Hopefully this is useful to someone :)

Comment

Lua String Writer · 2010-02-04 16:35 by Black in

Lua strings are opaque byte streams. They are constant, and can only be manipulated by using the string api to create new strings. This can be expensive, especially when creating a string by appending new values at the end. While Lua contains optimizations for direct concatenation, successive appending has a high overhead.

This StringWriter class reduces the overhead by aggregating string concatenations in a table and executing them when requested. It was originally designed to serve as an efficient drop-in replacement for files as created by io.open, but it can also be used standalone.

The class itself is built with a protected shared metatable and state inside a table. The state itself is not protected (it would be possible by using individual metatables or an internal database in a weak table, but this is more elegant). The metatable contains entries to redirect reads to the method table, redirect new writes to nothing and prevent changing or reading the metatable. The concatenation operator is also overloaded, but since it has value semantic, and is not allowed to change the object itself, the implementation is less efficient than StringWriter:write(). Converting a StringWriter with tostring() gives the contained string, equivalent to StringWriter:get().

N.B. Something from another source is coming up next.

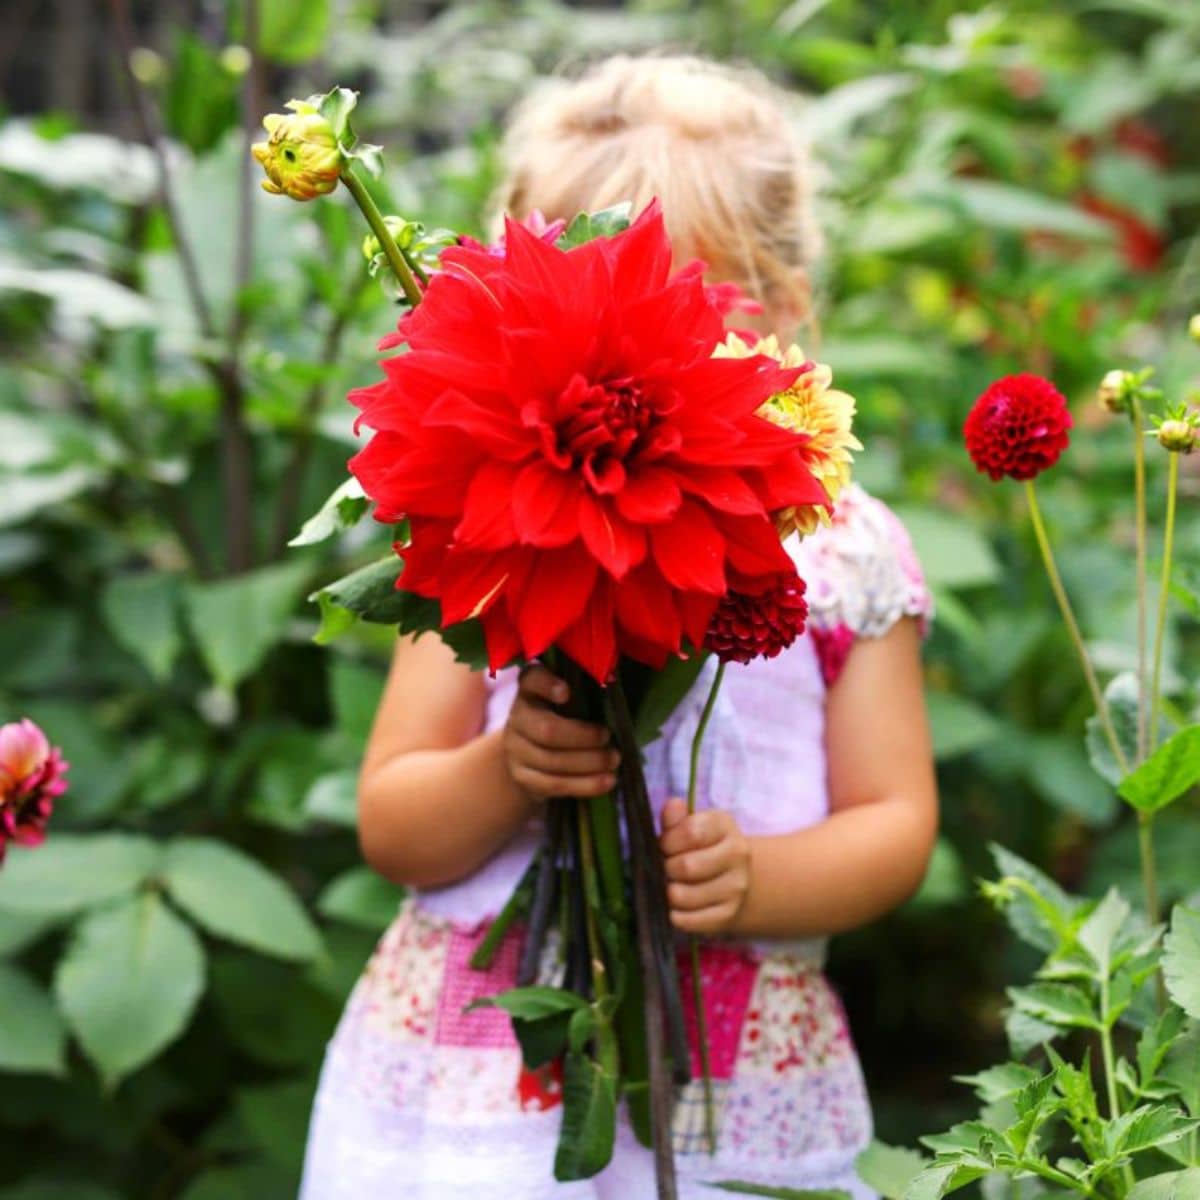 A little girl holds a dahlia bouquet.

stringwriter.lua [4.77 kB]

  1. -- MetaTable for string writers
  2. local StringWriter_Meta = {
  3.   ["__index"] = StringWriter_Methods;
  4.   ["__newindex"] = function ()
  5.       -- Don't allow setting values
  6.     end;
  7.   ["__metatable"] = StringWriter_ID;
  8.   ["__tostring"] = StringWriter_Methods.get;
  9.   ["__concat"] = function (this, str)
  10.       str = tostring(str);
  11.       local sw = StringWriter();
  12.       sw.string_ = {};
  13.       for _, v in ipairs(this.string_) do
  14.         table.insert(sw.string_, v);
  15.       end
  16.       table.insert(sw.string_, str);
  17.       sw.len_ = this.len_ + #str;
  18.       sw.pos_ = sw.len_;
  19.       return sw;
  20.     end;
  21. }

The method table itself contains all methods the StringWriter supports. It was modeled after the file class, so many methods are placeholders that do nothing. The methods that are supported are seeking and writing. Seeking simply sets an internal position value. Writing in the context of files means overwriting and extending. When the position is at the end, the contents that are to be written can simply be appended to the contents table. Otherwise, the string has to be baked, split, and recomposed.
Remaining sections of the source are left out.